Problem to solve ::
Give back, exactly as written, the lines of the listing from the top through the line holding "Big crowds gathered", and nothing more. Exclude pictures.

Given data ::
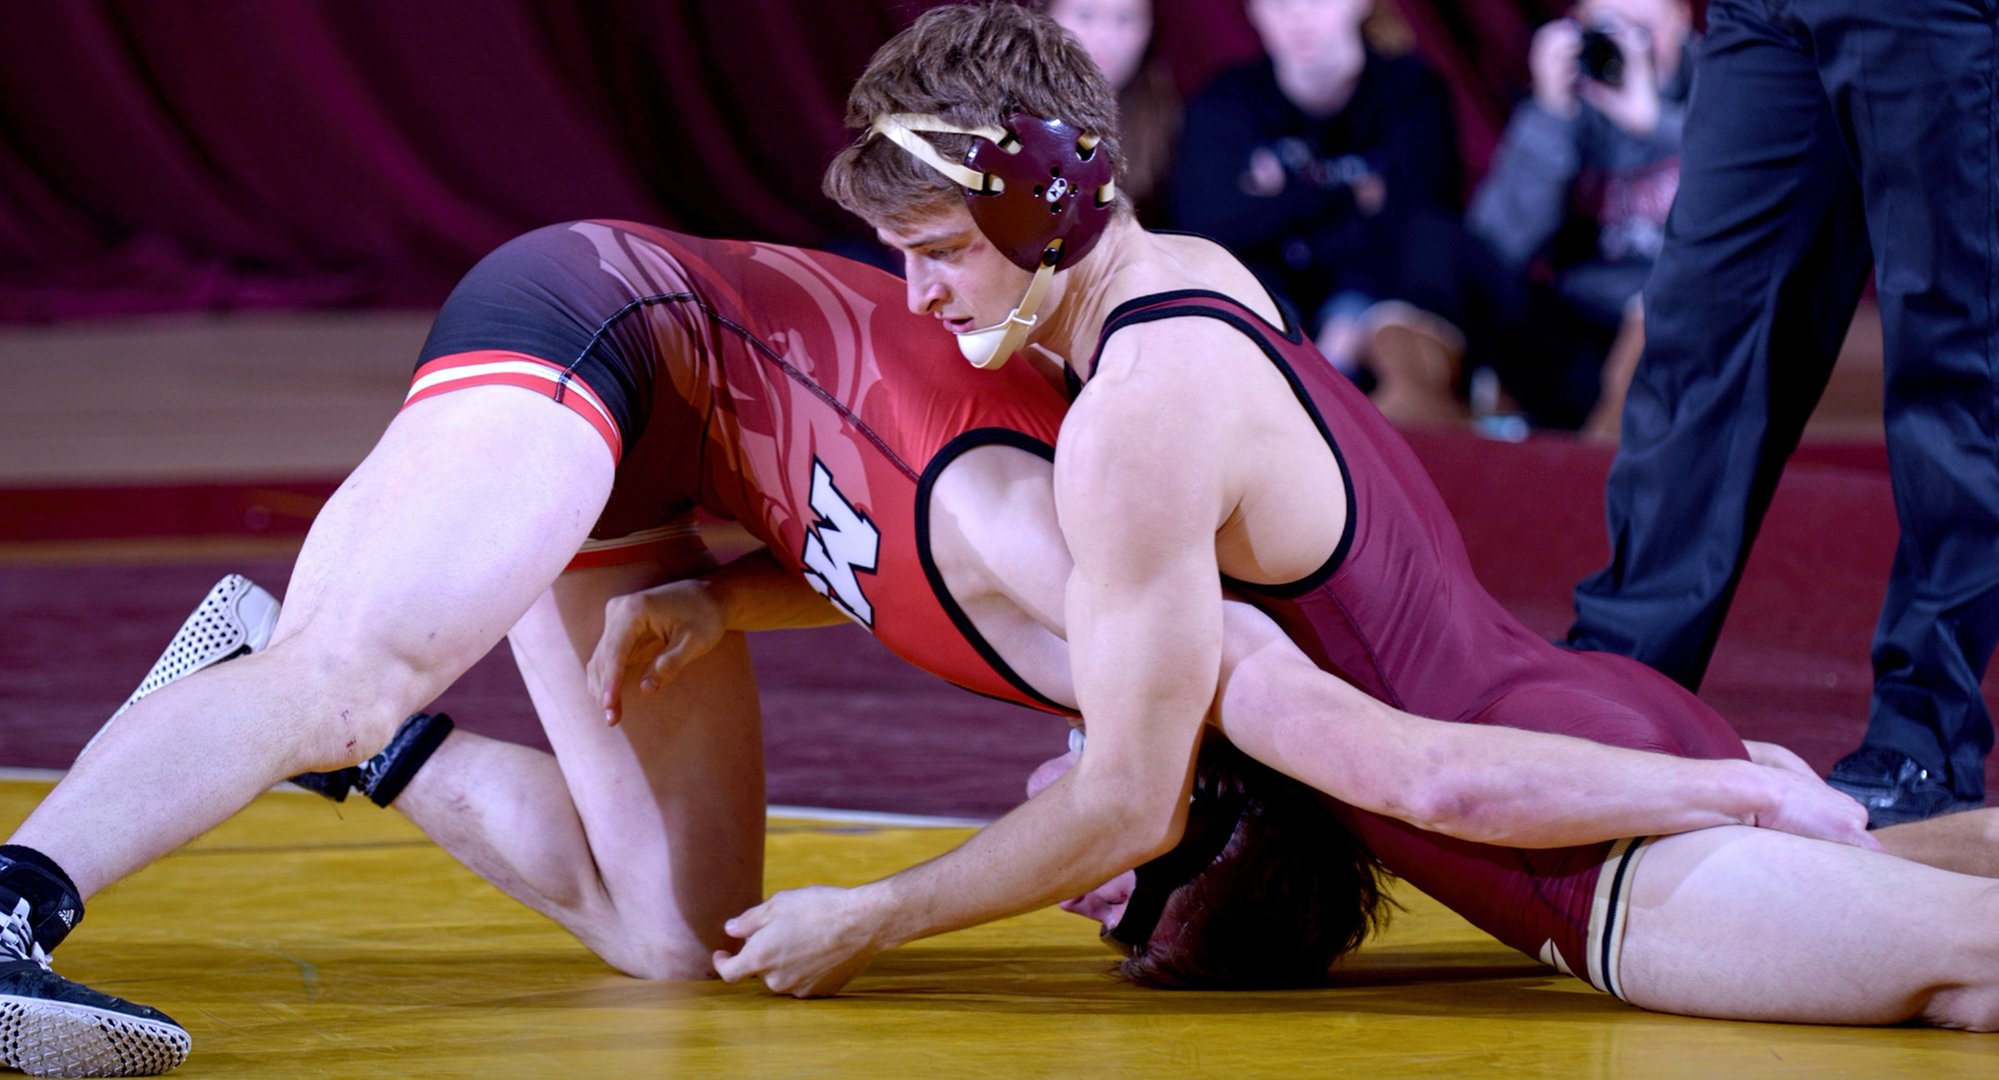 Junior Joe Heinz went 2-0 at the Desert Duals including a 2-1 win over the No.2-ranked wrestler in Division III at 165.
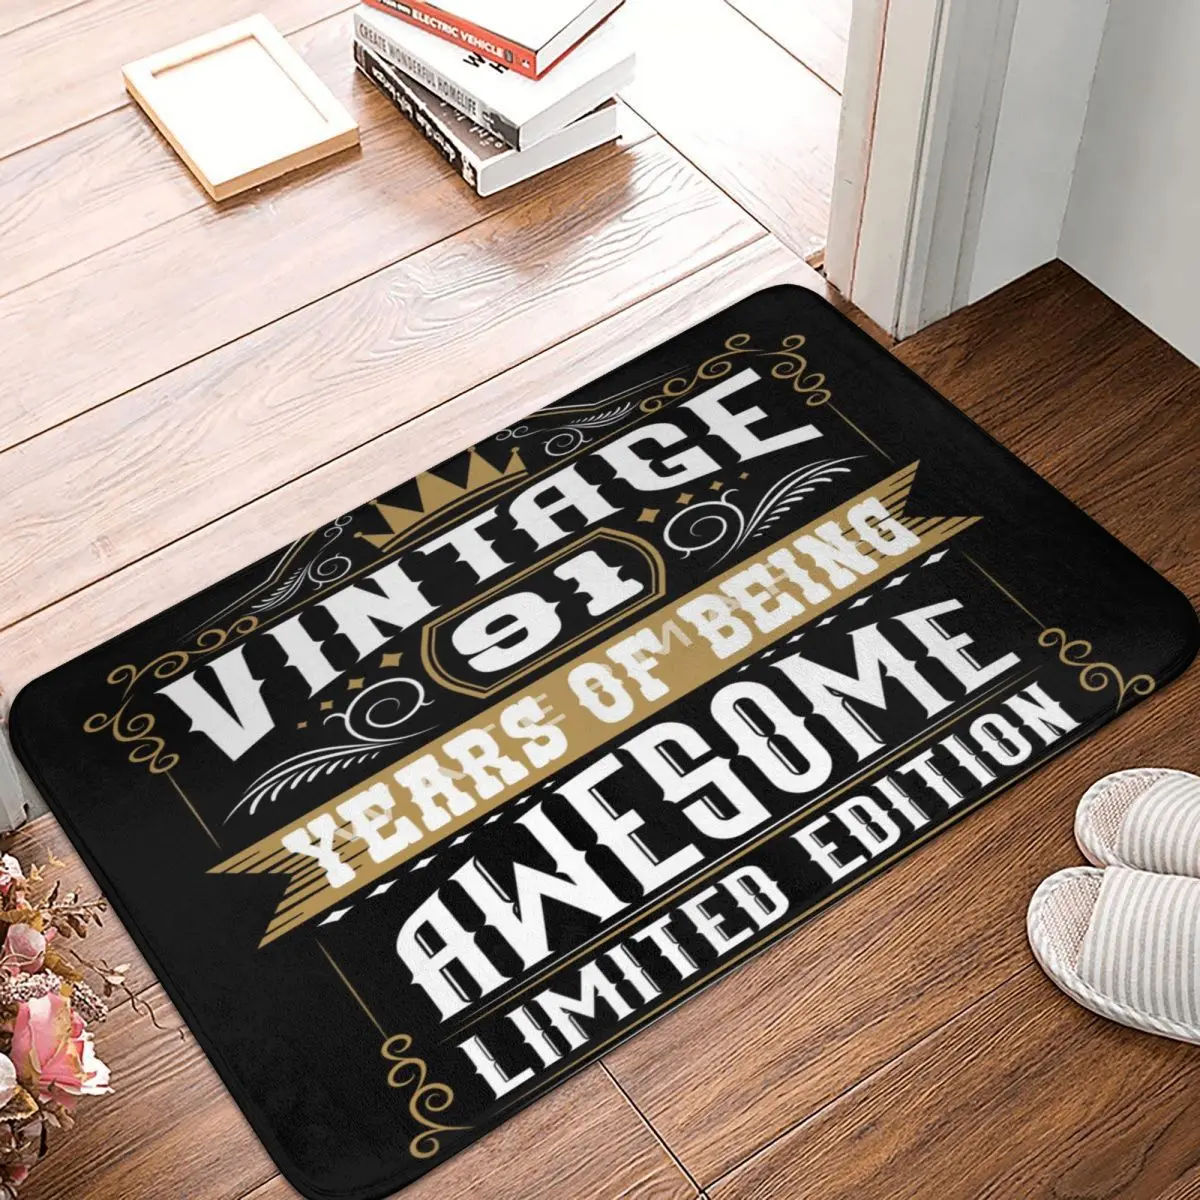 

91 Years Of Being Awesome Carpet, Polyester Floor Mats Fashionable Practical Everyday Festivle Gifts Mats Customizable
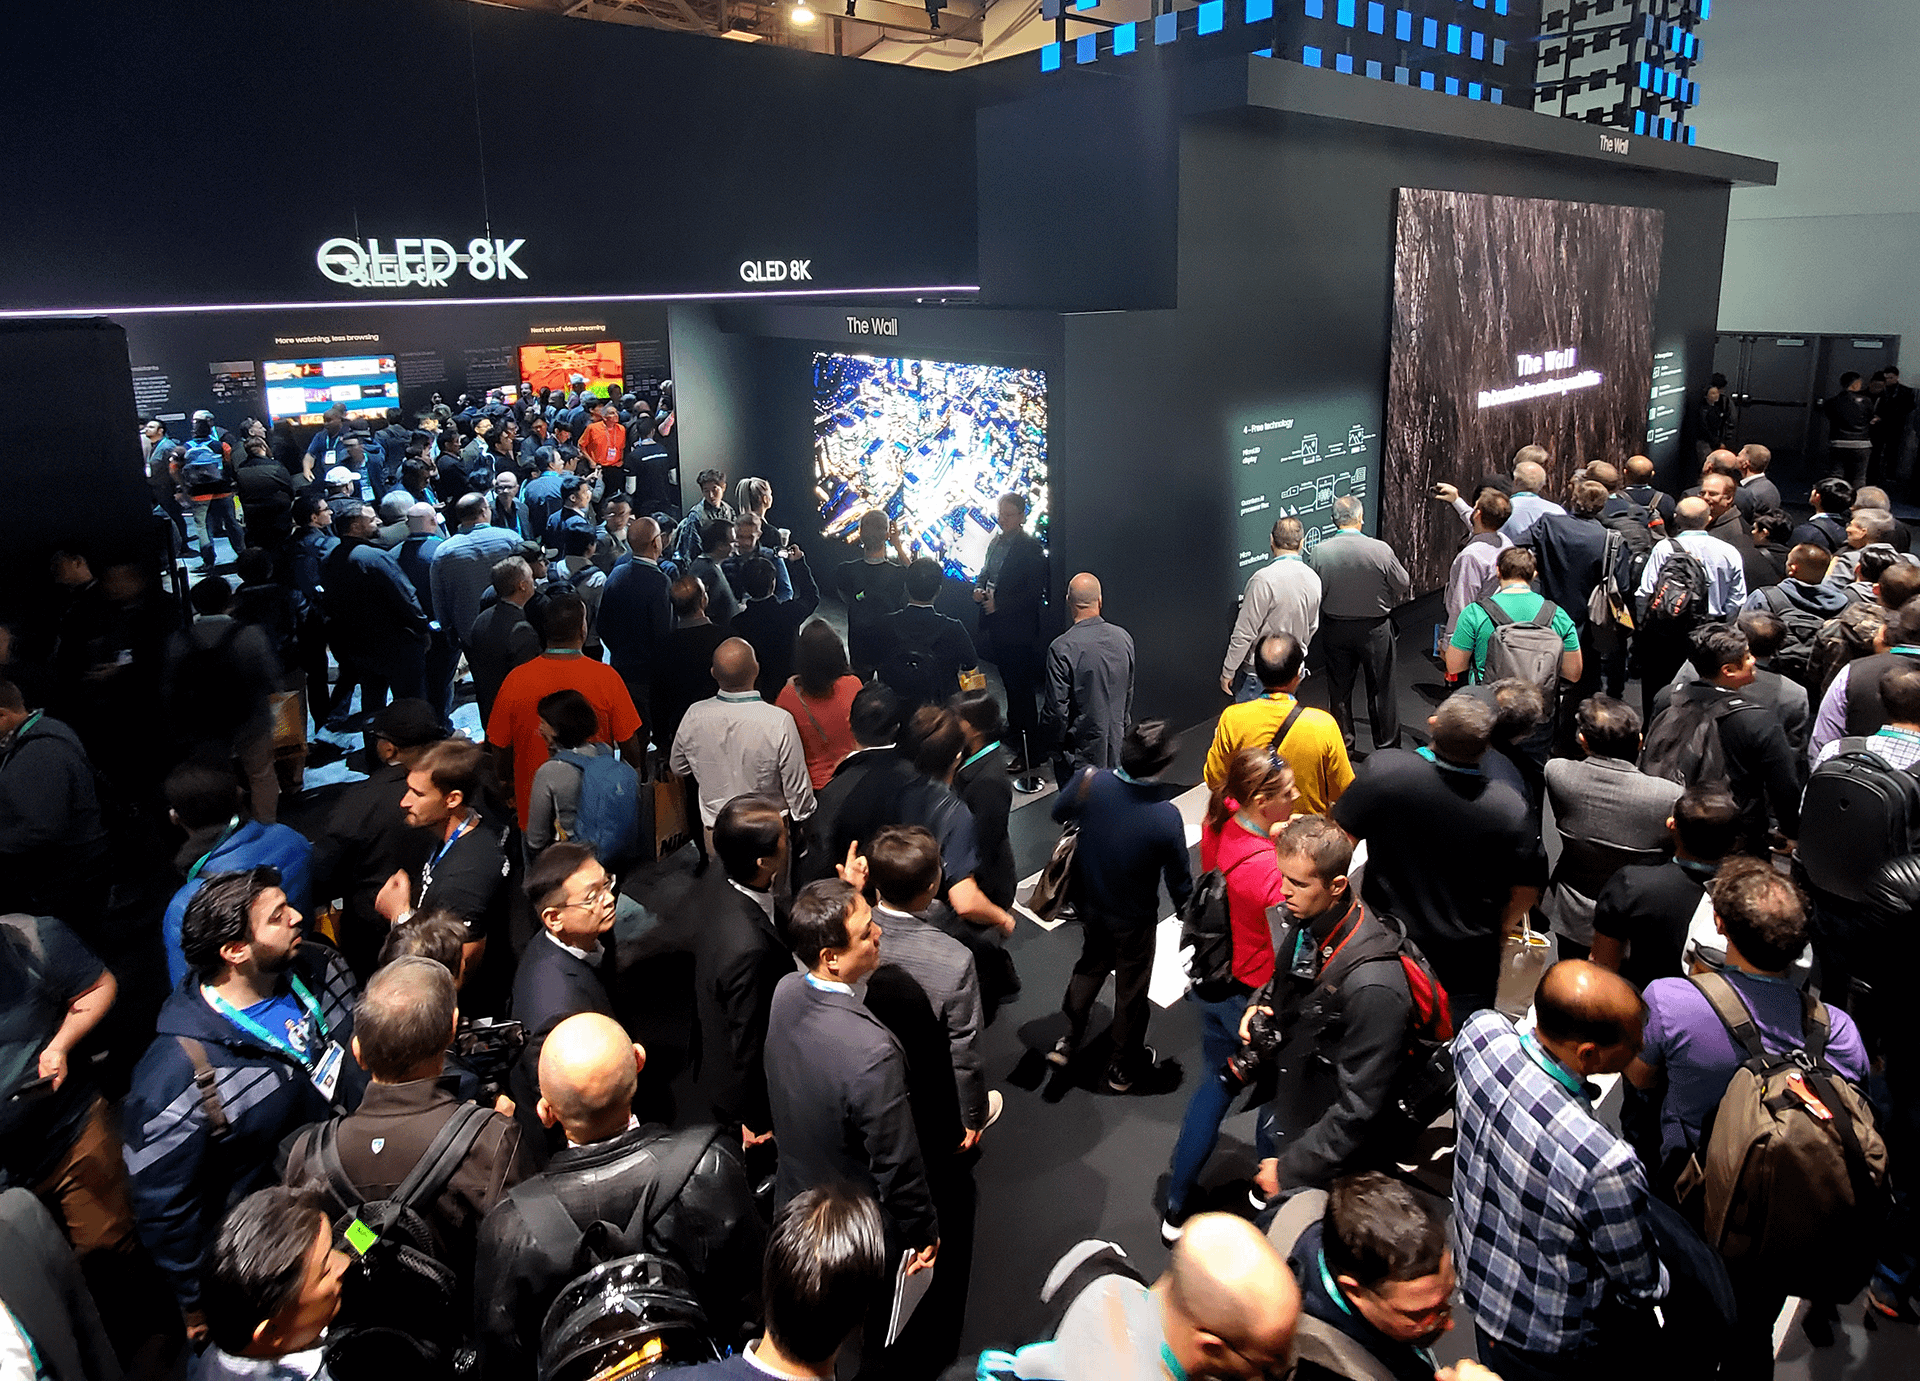 Big crowds gathered in Las Vegas are a defining feature of CES, is this approach still viable in 2022 and beyond?
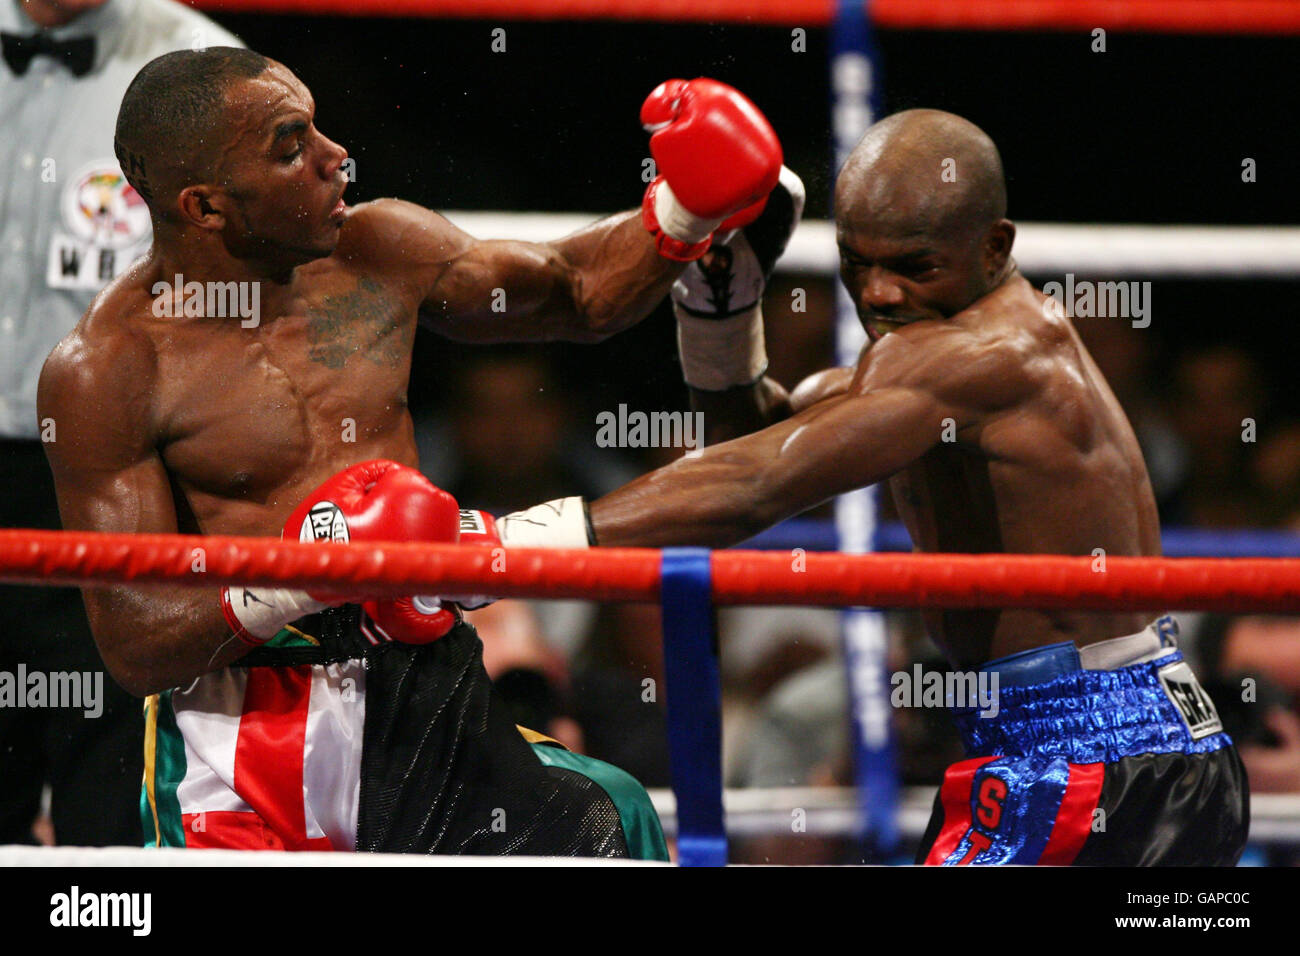 Boxing - WBC Light-Welterweight Title - Junior Witter v Timothy Bradley - Nottingham Arena. England's Junior Witter and USA's Timothy Bradley exchange punches during the WBC Light-Welterweight Title bout at Nottingham Arena. Stock Photo

Solution to the exercise ::
 Junior Joe Heinz went 2-0 at the Desert Duals including a 2-1 win over the No.2-ranked wrestler in Division III at 165.

91 Years Of Being Awesome Carpet, Polyester Floor Mats Fashionable Practical Everyday Festivle Gifts Mats Customizable
 Big crowds gathered in Las Vegas are a defining feature of CES, is this approach still viable in 2022 and beyond?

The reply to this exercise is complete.